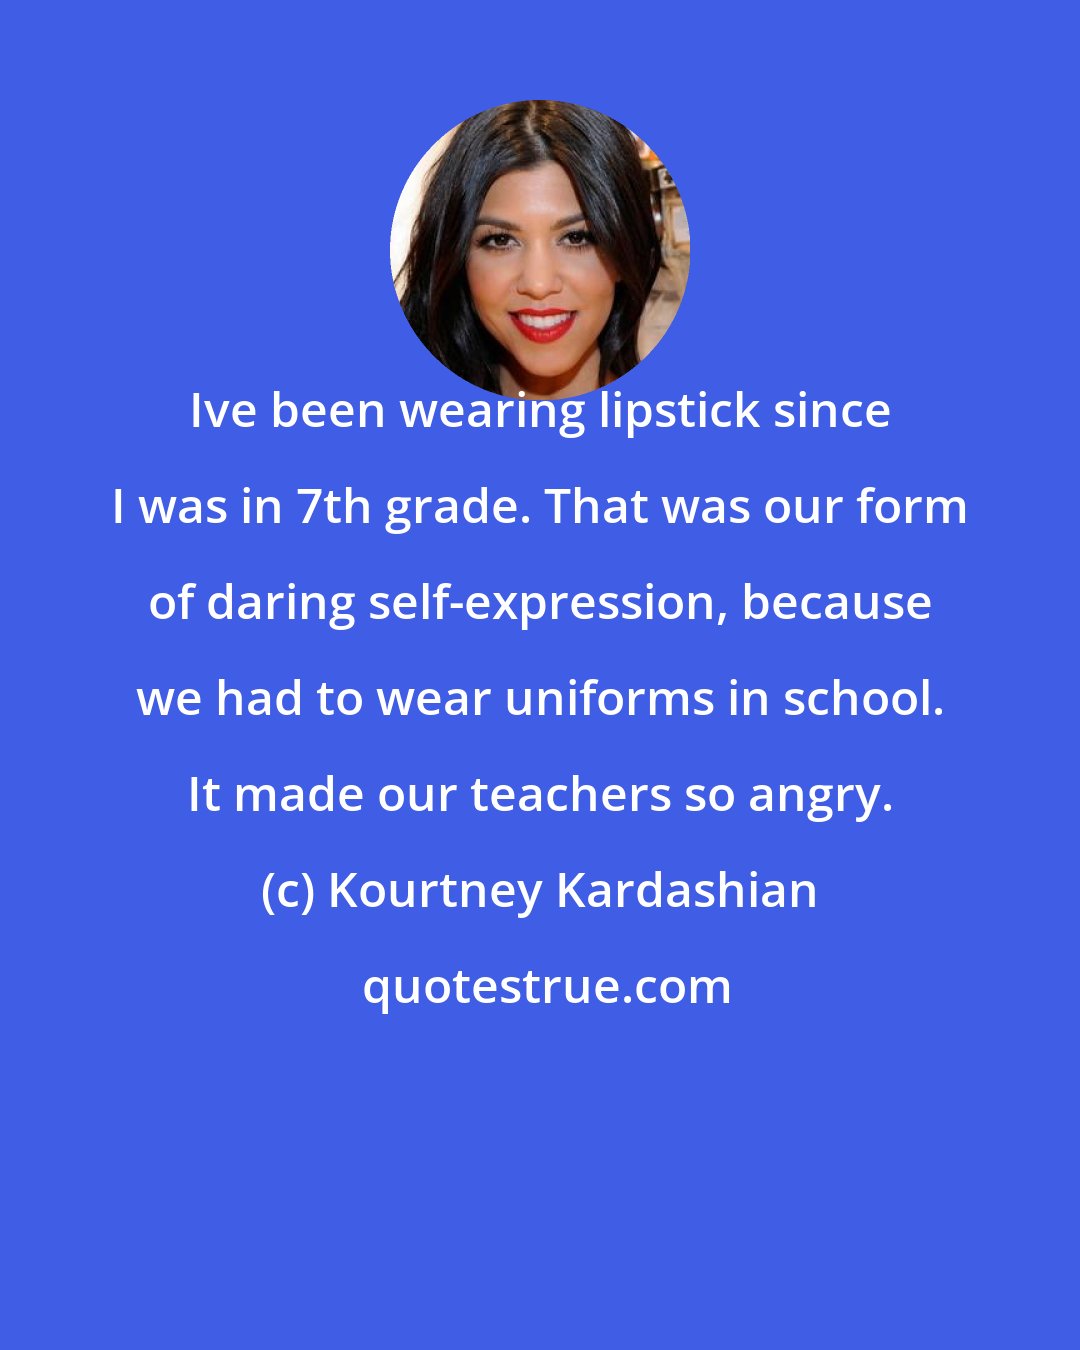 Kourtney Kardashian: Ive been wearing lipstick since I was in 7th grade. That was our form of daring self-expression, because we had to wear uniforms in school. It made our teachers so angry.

________________________

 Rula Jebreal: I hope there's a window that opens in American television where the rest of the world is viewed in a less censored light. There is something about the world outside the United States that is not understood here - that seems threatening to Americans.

________________________

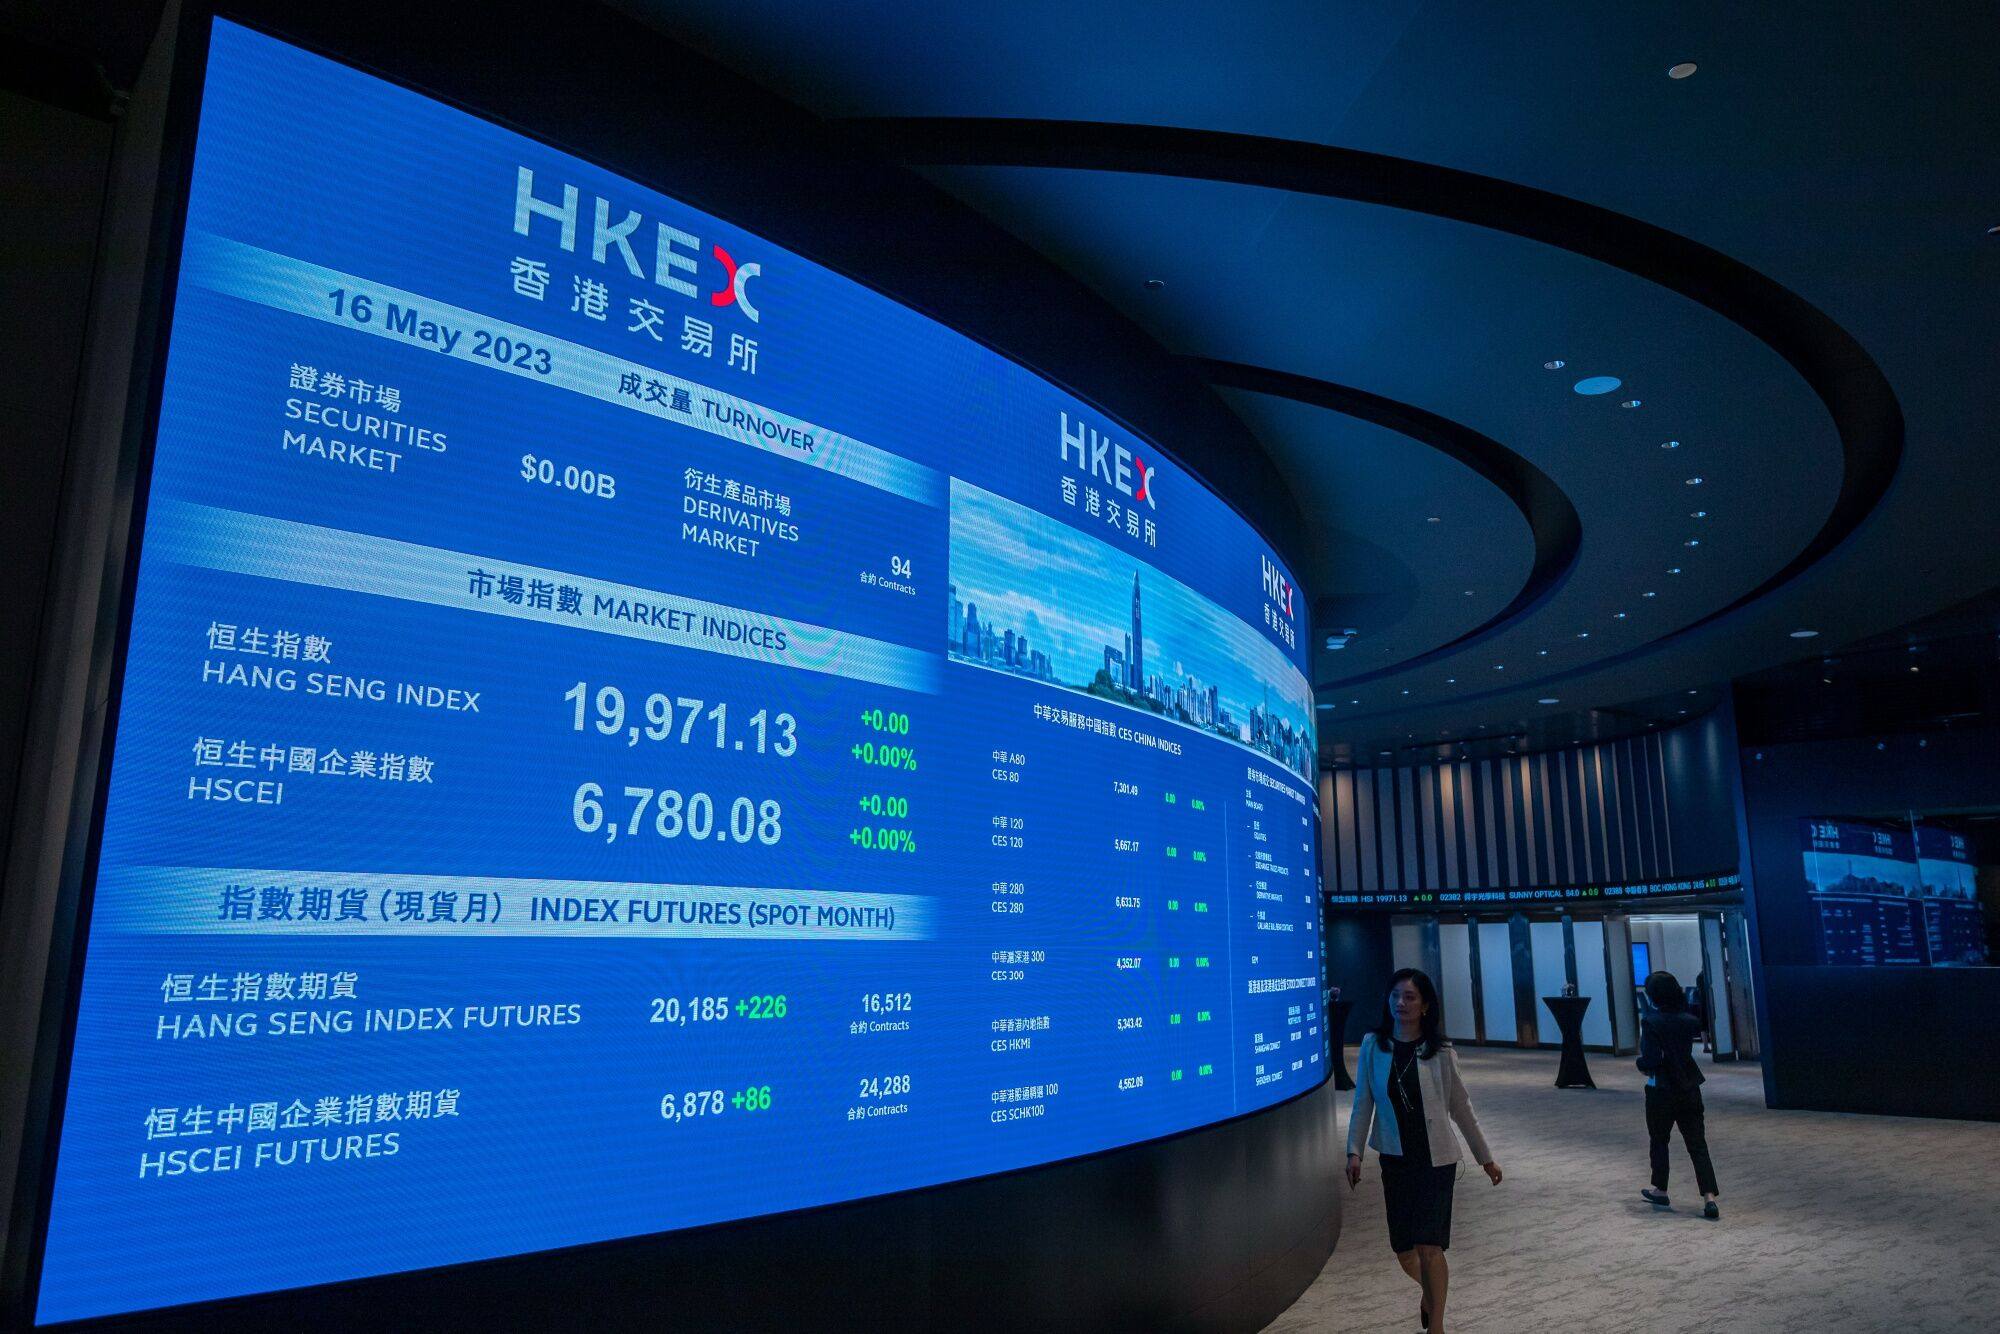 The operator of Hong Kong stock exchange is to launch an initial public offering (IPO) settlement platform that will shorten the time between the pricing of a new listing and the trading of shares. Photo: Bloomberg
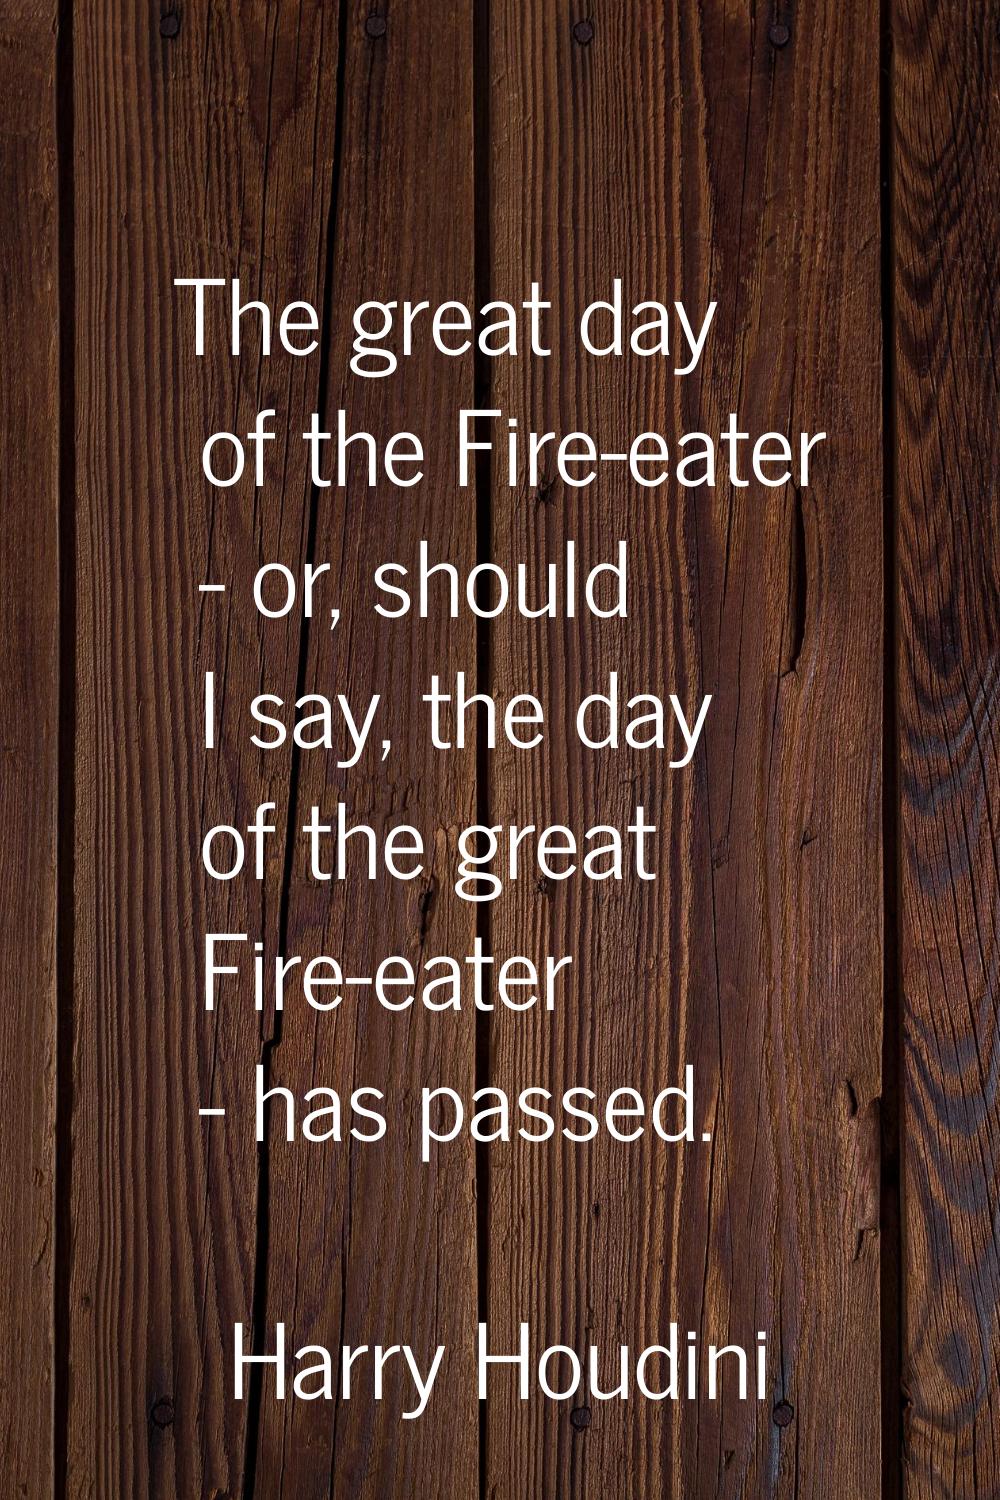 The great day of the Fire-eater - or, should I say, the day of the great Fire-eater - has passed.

________________________

WHAT IS NEEDED: What is needed is an exact copy of the lines above, from the one holding "The operator of" down to the one holding "The great day", with those two included and the pictures left out.

RESULT OF THIS TASK:
 The operator of Hong Kong stock exchange is to launch an initial public offering (IPO) settlement platform that will shorten the time between the pricing of a new listing and the trading of shares. Photo: Bloomberg
 The great day of the Fire-eater - or, should I say, the day of the great Fire-eater - has passed.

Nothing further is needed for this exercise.